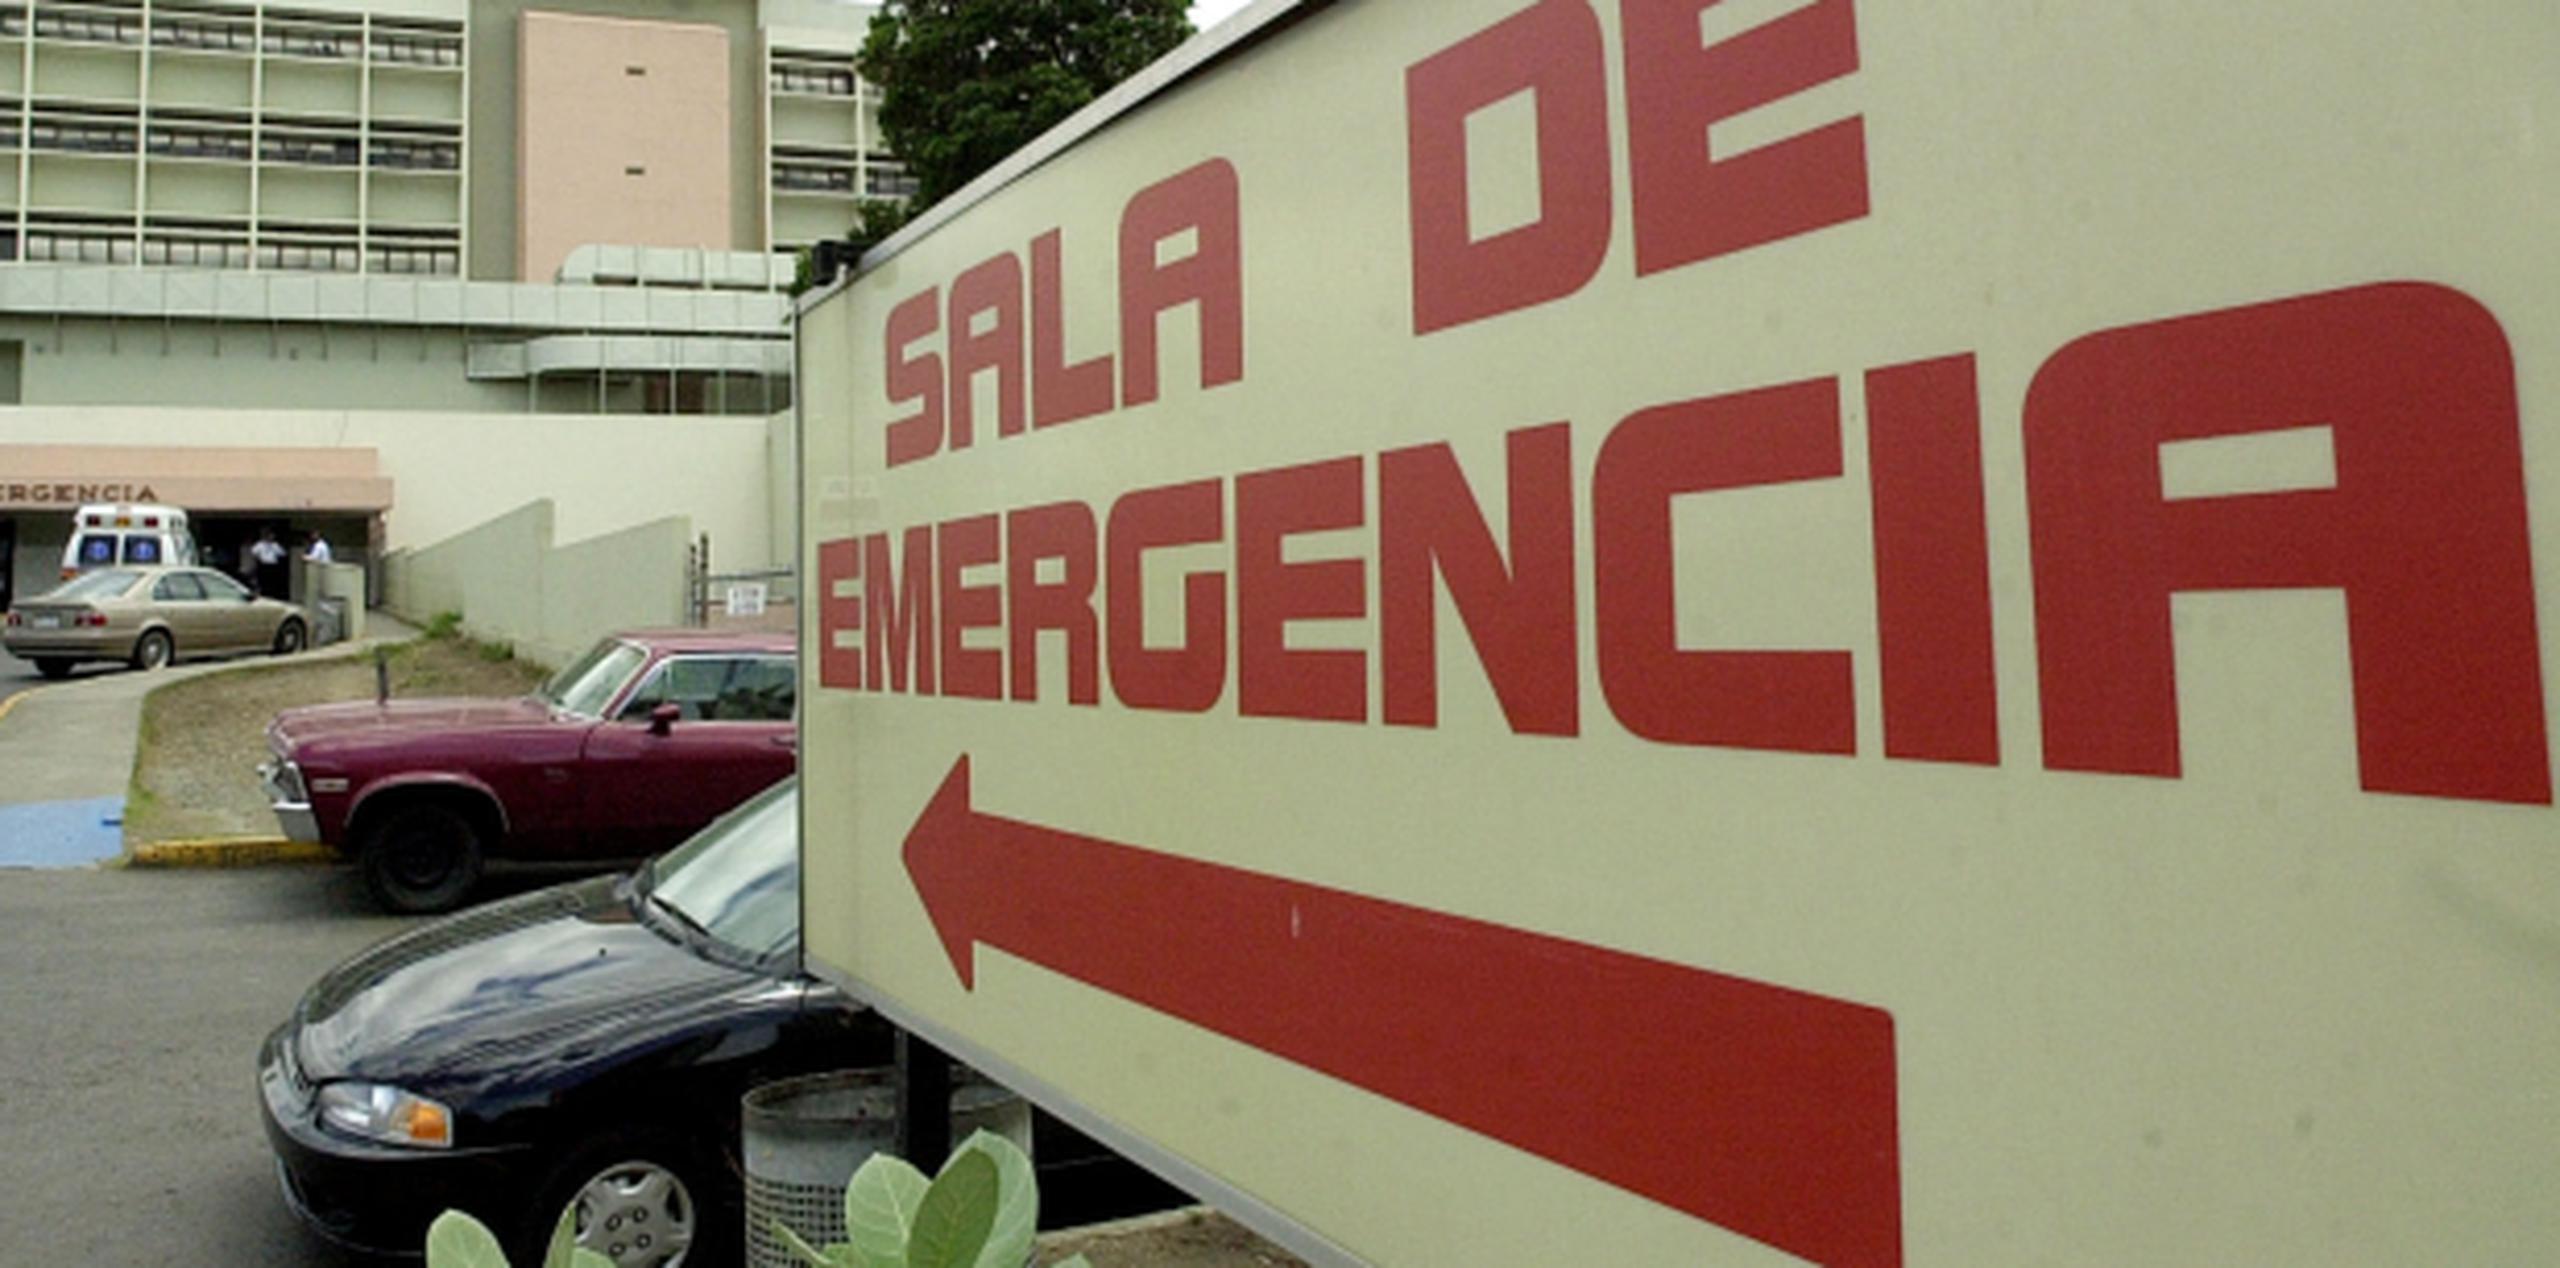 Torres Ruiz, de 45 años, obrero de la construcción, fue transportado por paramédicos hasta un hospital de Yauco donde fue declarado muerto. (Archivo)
* * *
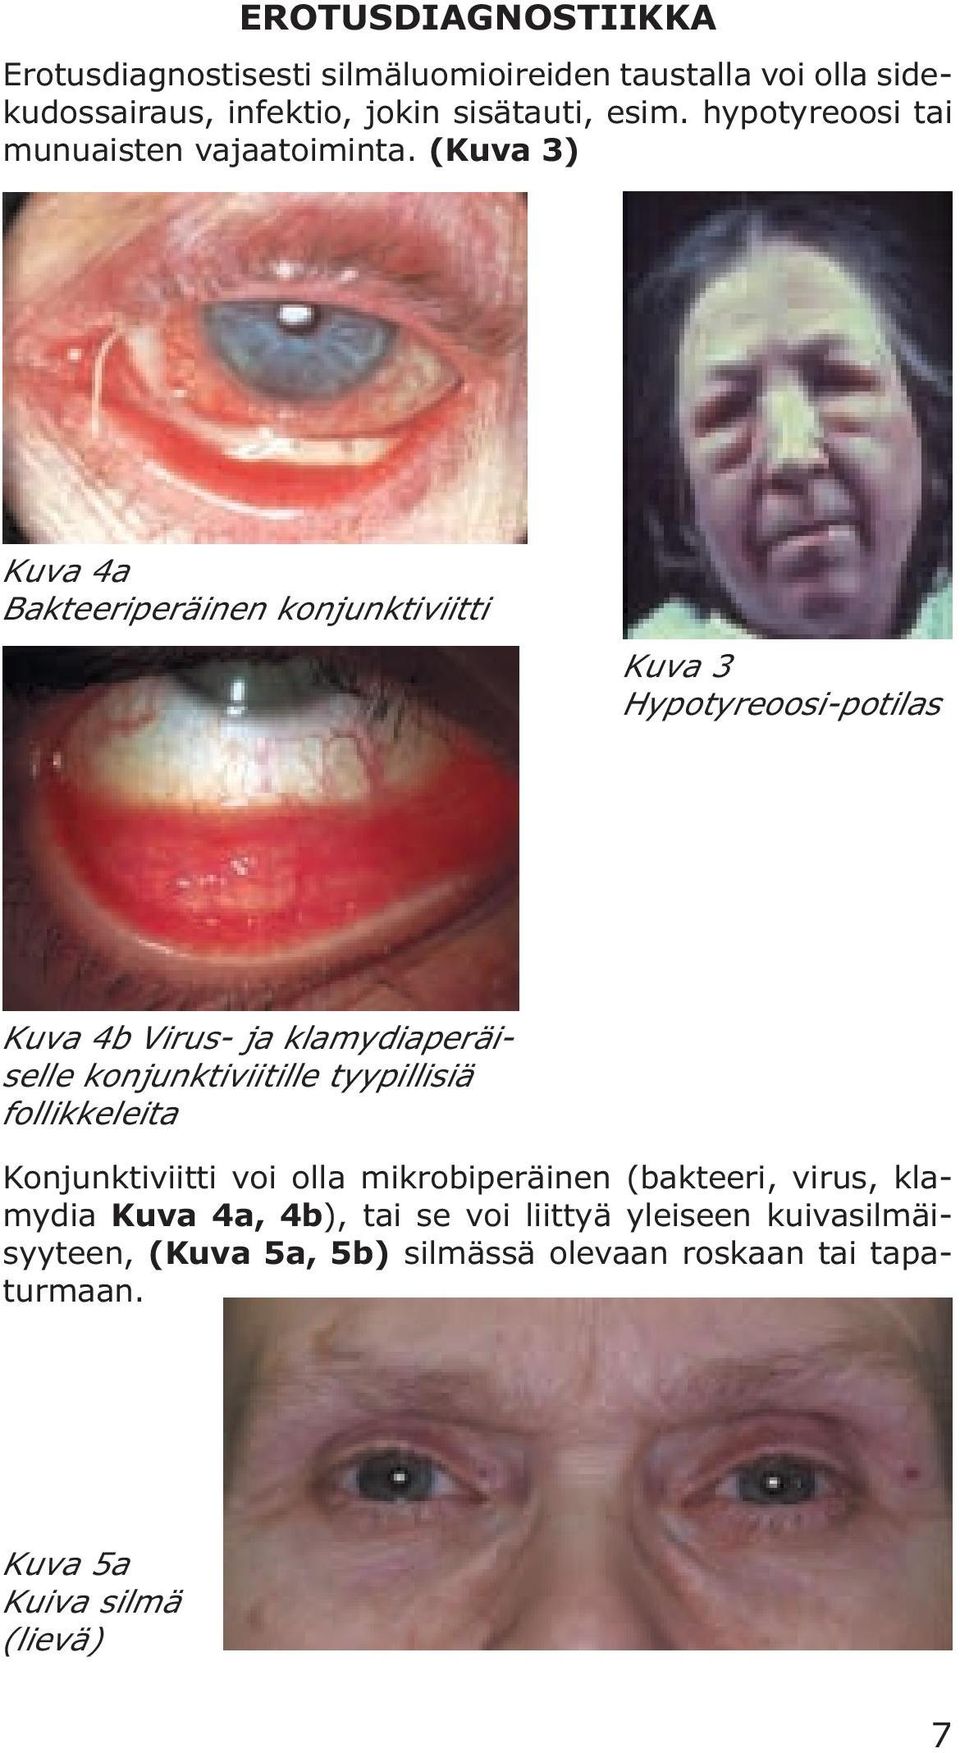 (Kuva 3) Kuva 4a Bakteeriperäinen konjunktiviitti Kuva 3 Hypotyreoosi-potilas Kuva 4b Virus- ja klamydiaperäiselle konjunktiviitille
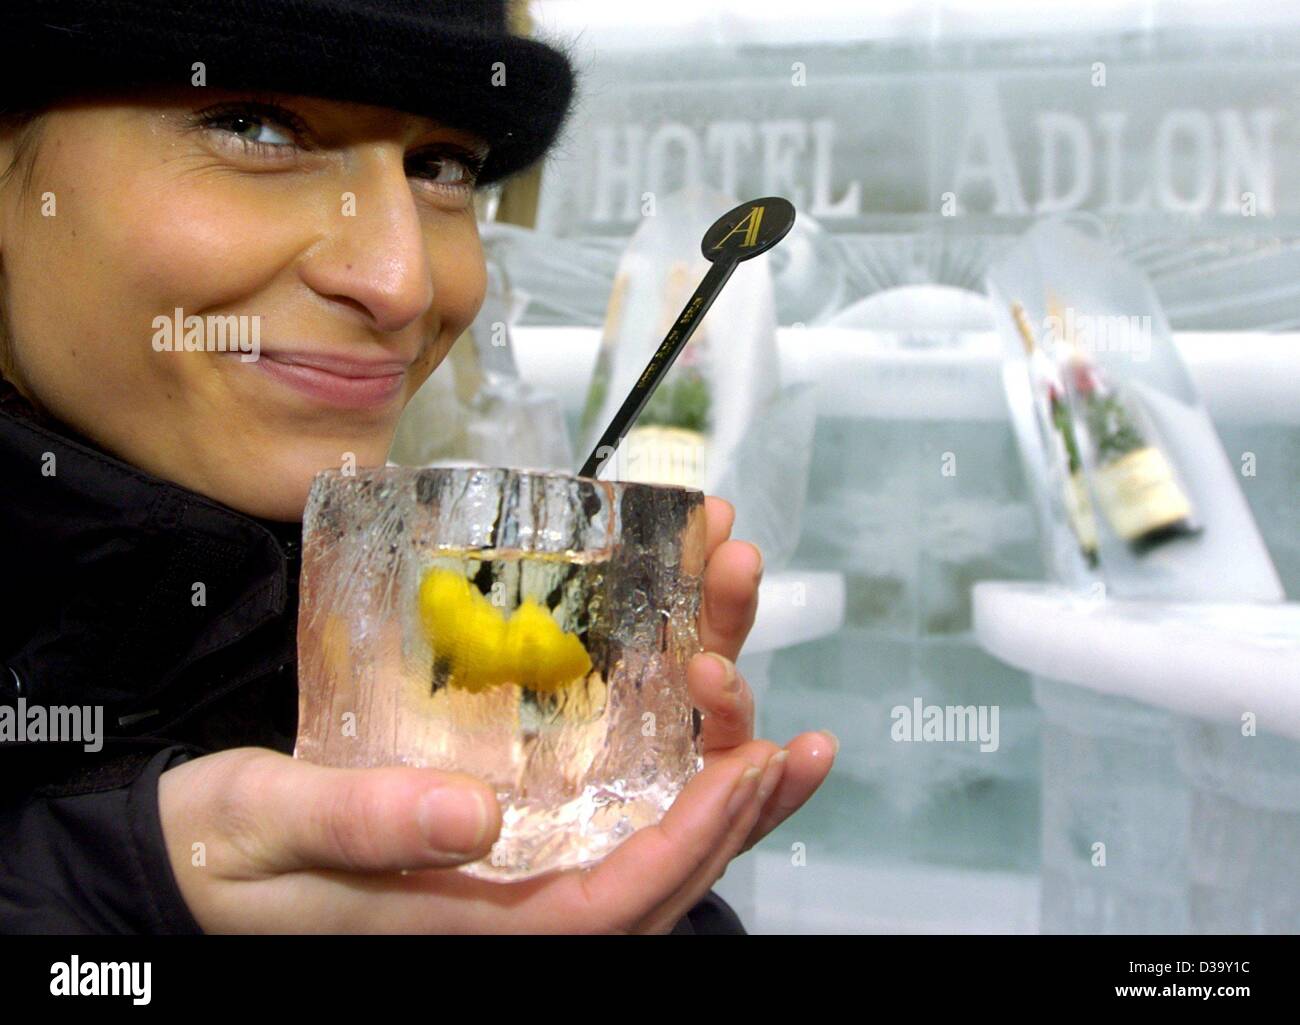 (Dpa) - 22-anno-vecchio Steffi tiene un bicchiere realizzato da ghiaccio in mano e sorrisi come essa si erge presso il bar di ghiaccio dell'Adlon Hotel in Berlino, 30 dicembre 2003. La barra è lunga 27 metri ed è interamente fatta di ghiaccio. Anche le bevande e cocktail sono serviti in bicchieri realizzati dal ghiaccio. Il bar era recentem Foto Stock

■ What to produce ■
Pictures aside, return exactly the lines from the data above, starting at the line that has "(Kuva 3) Kuva" and ending at the line that has "(Dpa) - 22-anno-vecchio", both included.

■ Written reply ■
 (Kuva 3) Kuva 4a Bakteeriperäinen konjunktiviitti Kuva 3 Hypotyreoosi-potilas Kuva 4b Virus- ja klamydiaperäiselle konjunktiviitille
 (Dpa) - 22-anno-vecchio Steffi tiene un bicchiere realizzato da ghiaccio in mano e sorrisi come essa si erge presso il bar di ghiaccio dell'Adlon Hotel in Berlino, 30 dicembre 2003. La barra è lunga 27 metri ed è interamente fatta di ghiaccio. Anche le bevande e cocktail sono serviti in bicchieri realizzati dal ghiaccio. Il bar era recentem Foto Stock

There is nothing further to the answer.